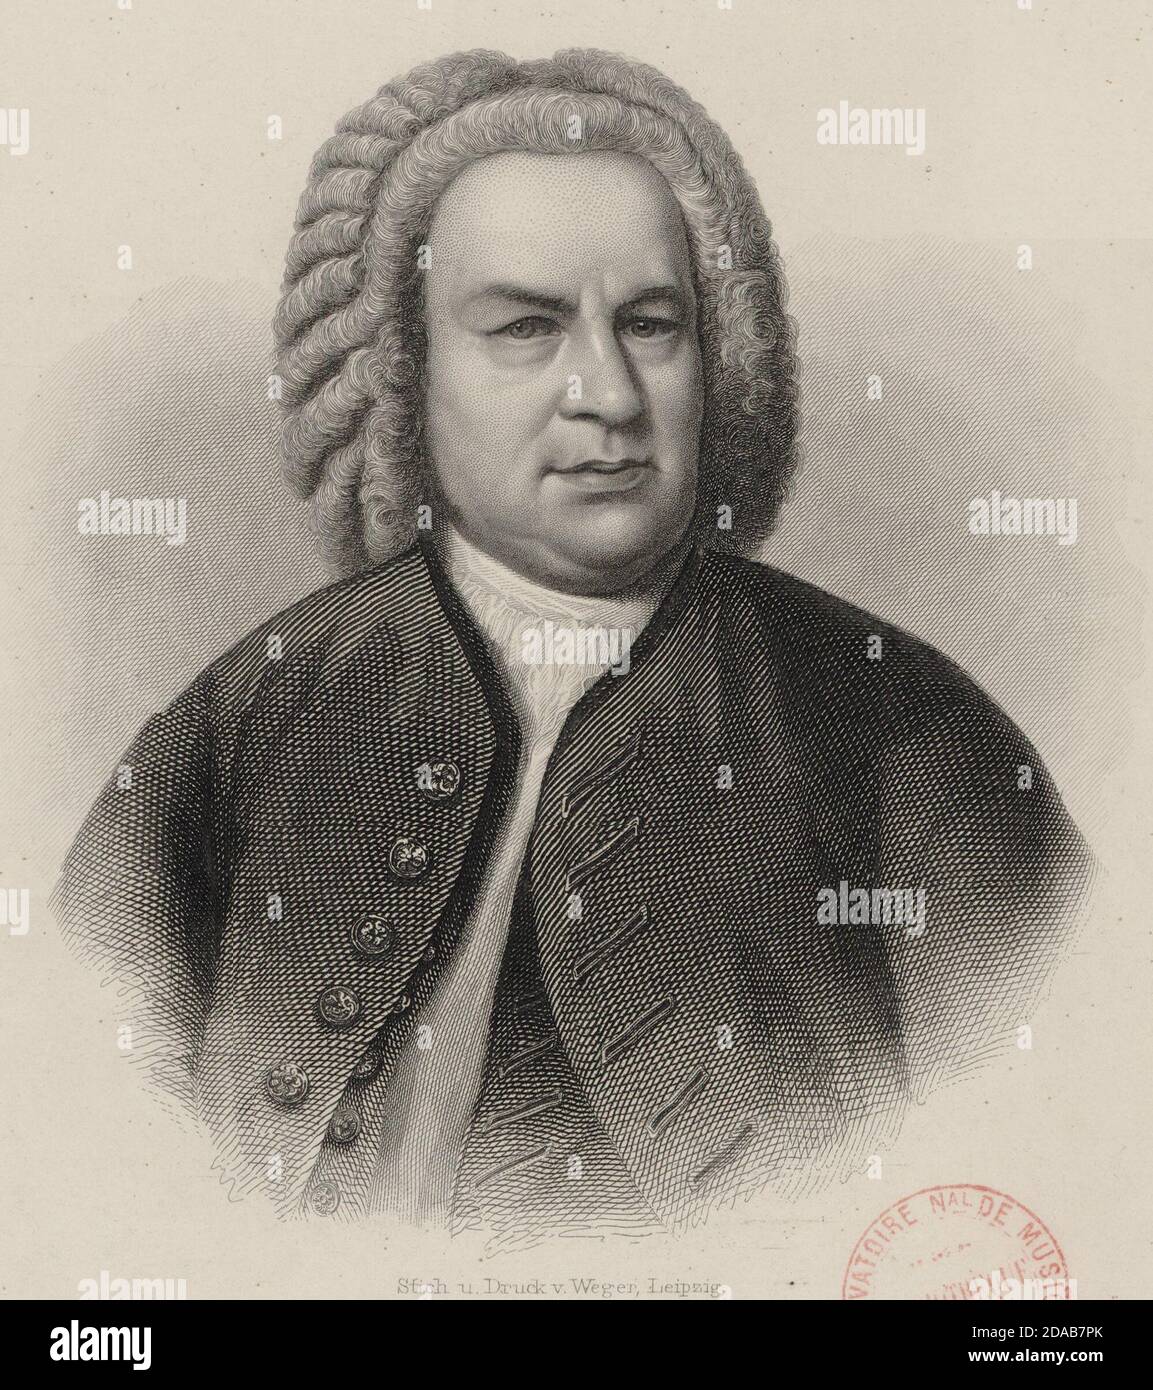 Title: Portrait of Johann Sebastian Bach Creator: August Weger Date:  c.1870 Medium: engraving Location: Bibliotheque du Conservatoire de Musique, Paris Stock Photo
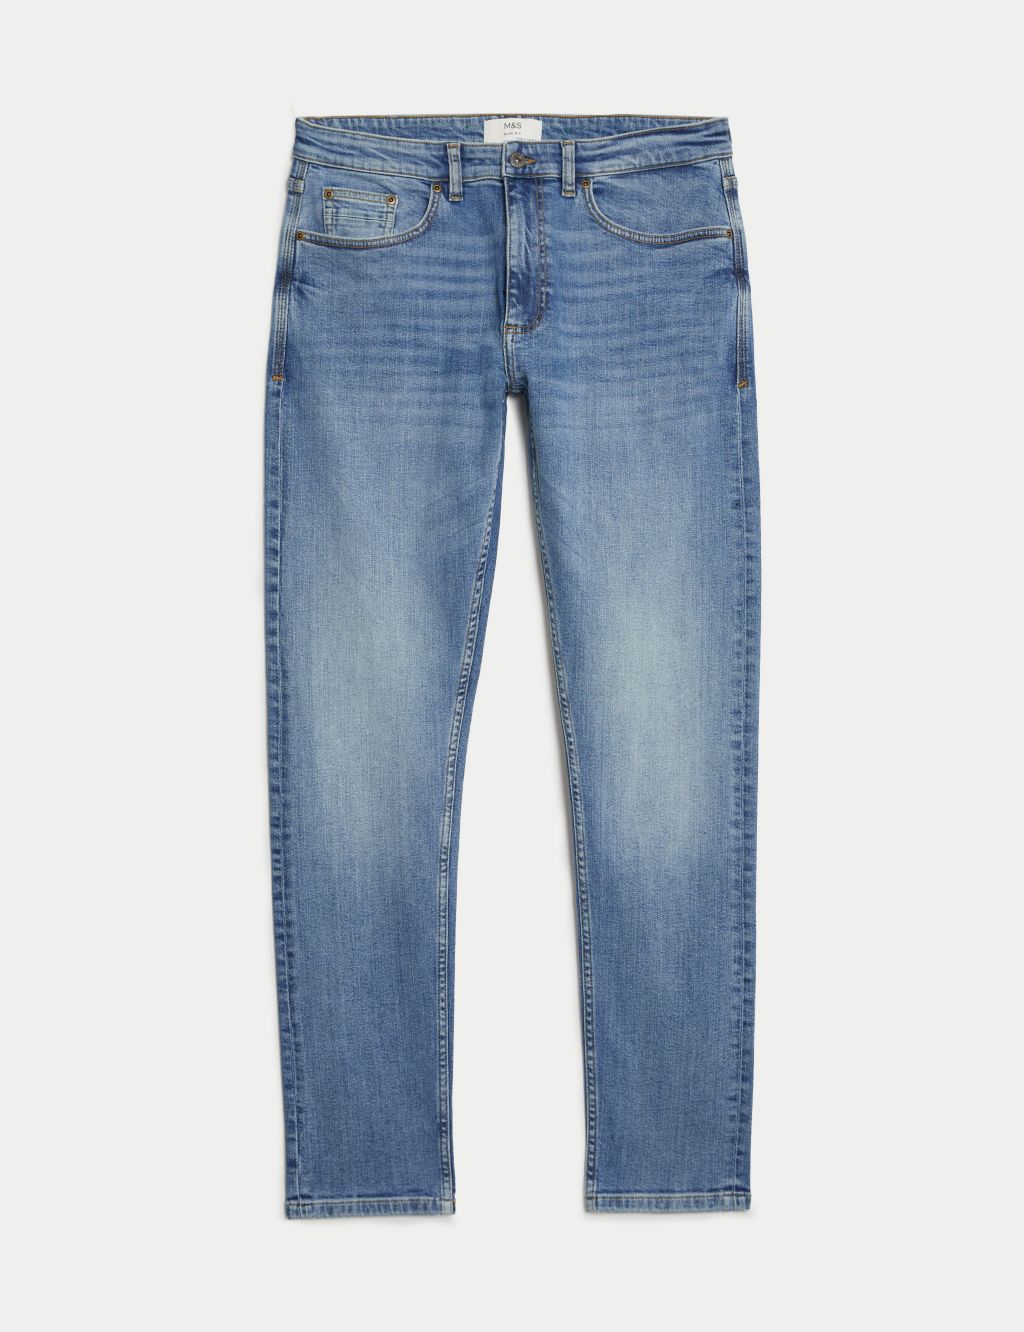 Slim Fit Vintage Wash Stretch Jeans
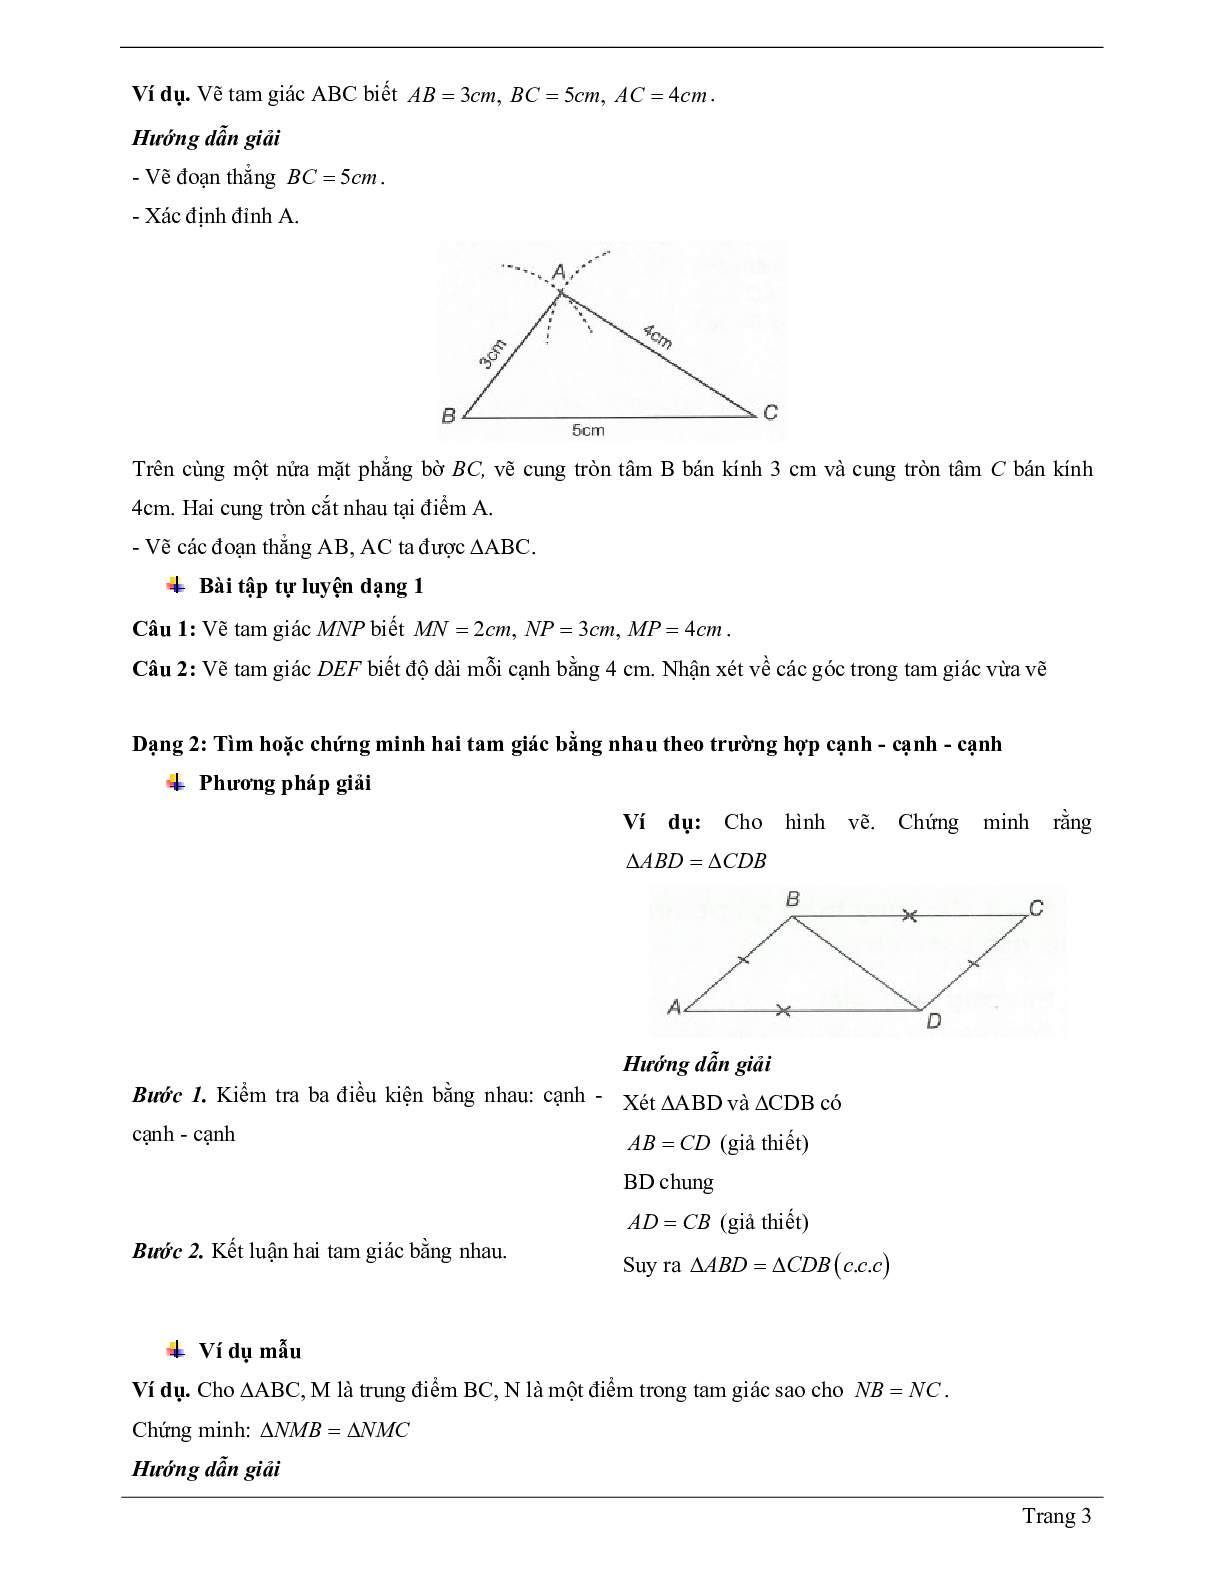 Lý thuyết Toán 7 có đáp án: Trường hợp bằng nhau thứ nhất của tam giác: cạnh - cạnh - canh (c.c.c) (trang 3)
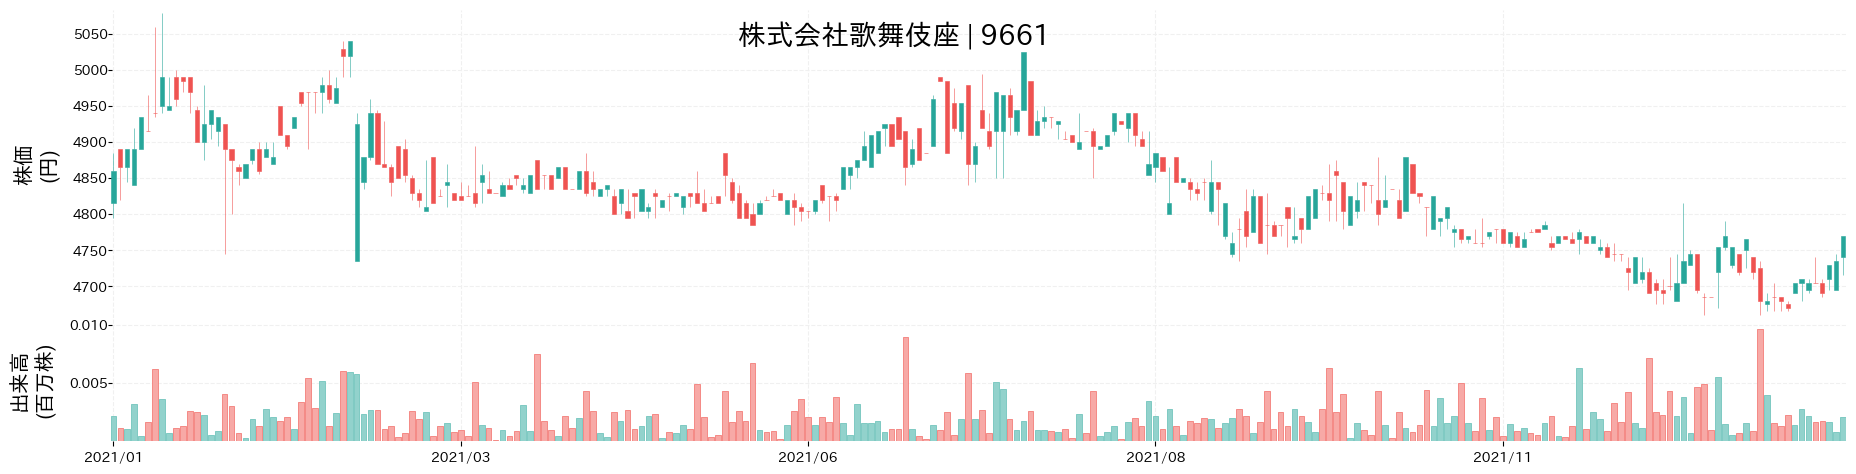 歌舞伎座の株価推移(2021)

#### Work task:
Reprint the data verbatim, pictures excluded.

#### Response to the exercise:
 Title: Portrait of Johann Sebastian Bach Creator: August Weger Date:  c.1870 Medium: engraving Location: Bibliotheque du Conservatoire de Musique, Paris Stock Photo
 Slim Fit Vintage Wash Stretch Jeans
 Lý thuyết Toán 7 có đáp án: Trường hợp bằng nhau thứ nhất của tam giác: cạnh - cạnh - canh (c.c.c) (trang 3)
 歌舞伎座の株価推移(2021)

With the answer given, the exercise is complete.